Part 1: Matrix Decomposition

(1) Determinant and Trace

Determinant

 

$2\times2$ matrix and $3\times3$ matrix are expanded to this generalized form.

 

[DEF] For a matrix $\boldsymbol{A}\in \mathbb{R}^{n\times n}$, for all $j=1,...,n$, $det(\boldsymbol{A}) = \sum_{k=1}^{n}(-1)^{k+j}a_{kj}det(\boldsymbol{A}_{k,j})$

 

Trace

 

[DEF] The trace of a square matrix $\boldsymbol{A}\in \mathbb{R}^{n\times n}$ is defined as $tr(\boldsymbol{A})=\sum_{i=1}^{n}a_{ii}$


(2) Eigenvalues and Eigenvectors

[DEF] $\lambda \in \mathbb{R}$ is an eigenvalue of $\boldsymbol{A}$ and $\boldsymbol{x} \in \mathbb{R}^n \setminus \left\{ 0\right\}$ is the corresponding eigenvector of $\boldsymbol{A}$ if $\boldsymbol{Ax} = \lambda x$

 

The determinant of A is known as the mulitiplication of all eigenvectors and the trace of A is known as the addition of all eigenvectors.

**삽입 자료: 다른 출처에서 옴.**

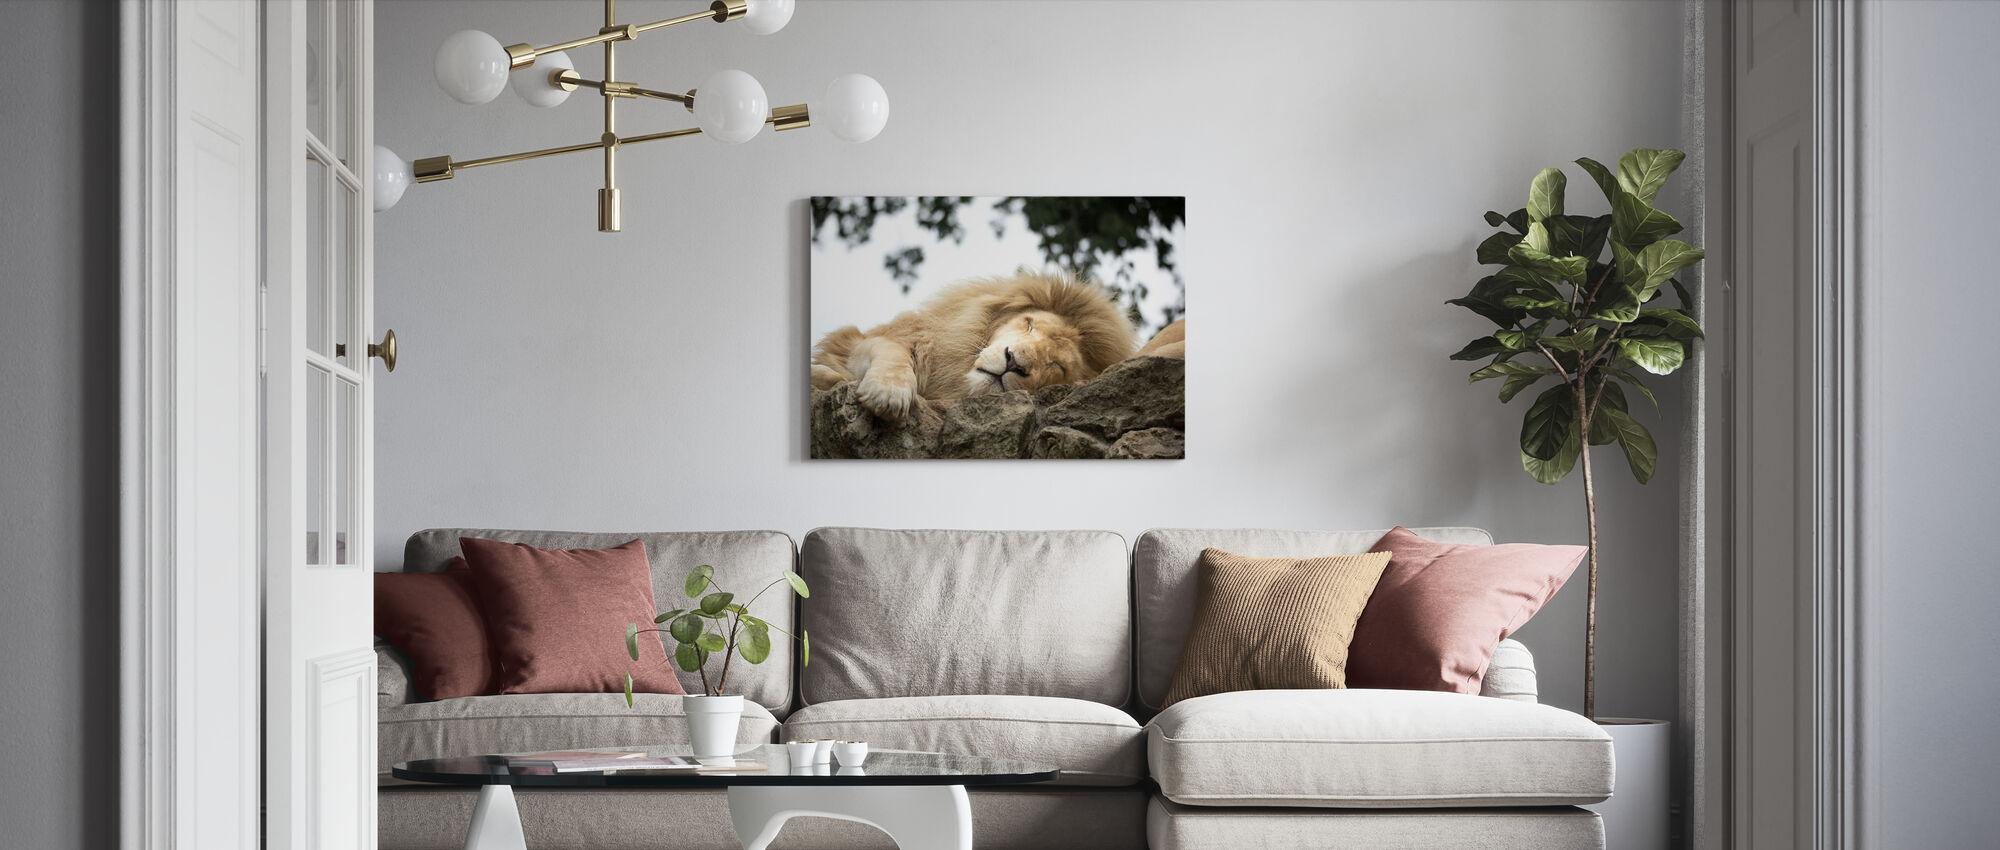 Great Mane - Canvas print - Living Room

(3) Cholesky Decomposition

촐스키... 라고 읽는다..

 

[THM] For a symmetric, positive definite matrix $\boldsymbol{A}$, $\boldsymbol{A}=\boldsymbol{L}\boldsymbol{L}^T$, where

(1) $\boldsymbol{L}$ is a lower-triangular matrix with positive diagonals

(2) Such a $\boldsymbol{L}$ is unique, called Cholesky factor of $\boldsymbol{A}$.

 

*Positive Definite: Every eigenvalue is positive

 


(4) Eigendecomposition and Diagonalization

Diagonal Matrix

 

[DEF] $\boldsymbol{A}$ is diagonalizable if it is similar to a diagonal matrix $\boldsymbol{D}$, i.e., and invertible $\boldsymbol{P}\in \mathbb{R}^{n\times n}$, such that $\boldsymbol{D}=\boldsymbol{P}^{-1}\boldsymbol{A}\boldsymbol{P}$ → Eigendecomposition

 

EigenValue Decomposition in only available for symmetric matrices

→ What about non-symmetric matrices?? → SVD


(5) Singular Value Decomposition

기존의 Eigenvalue Decomposition 에선 symmetric matrices 만 가능했기 때문에, 

$\boldsymbol{A}\in \mathbb{R}^{m\times n}$ 이라는 non-square, non-symmetric 한 matrix를 $\boldsymbol{S}=\boldsymbol{A}^{T}\boldsymbol{A}\in \mathbb{R}^{n\times n}$로 바꾸어 활용

 

Singular Value Decomposition (SVD)

 

[THM] $\boldsymbol{A}=\boldsymbol{U}\boldsymbol{\Sigma}\boldsymbol{V}^T$

$\boldsymbol{U}, \boldsymbol{V}$ are orthogonal matrix

$\boldsymbol{\Sigma}$ is a diagonal matrix, and the diagonal entries are called singular values


Part 2: Convex Opimization

Optmization 은 ML 또는 DL 에서 model 을 학습할 때 매우 중요

(1) Optimization Using Gradient Descent

Goal: $\min{f(x)},\, f(x):\mathbb{R}^n \mapsto \mathbb{R},\, f\in C^1$

$x_{k+1}=x_k+\gamma_kd_k,\, k=0,1,2,...$ ⇔ ML/DL 에서의 $\theta_j = \theta_j - \alpha\frac{\partial }{\partial \theta_j}J(\theta)$

  • Batch gradient
  • Mini-batch gradient
  • Stochastic gradient: Noisy approximation of full batch gradient

SGD, ADAM 등...


(2) Constrained Optimization and Lagrange Multipliers

하지만 Inequality constraints, Equality constraint 가 있는 경우 위에서처럼 쉽게 optimize 를 할 수 없음

따라서

 

Lagrangian Dual Function: $\mathit{L}(x,\lambda,\nu ) = f(x)+\sum_{i=1}^{m}\lambda_ig_i(x)+\sum_{i=1}^{p}\nu_ih_i(x)$

Lagrangian Multipliers: $\lambda= (\lambda_i: i=1,...,m)\geq0,\,\nu=(\nu_1,...,\nu_p)$

 

Dual optimization 은 항상 구할 수 있다.

 

Weak Duality: $d^*\leq p^*$

 

Primal optimization 은 구하기 힘들더라도 Weak Duality 에 의해 Dual optimization 이 lower bound 가 된다.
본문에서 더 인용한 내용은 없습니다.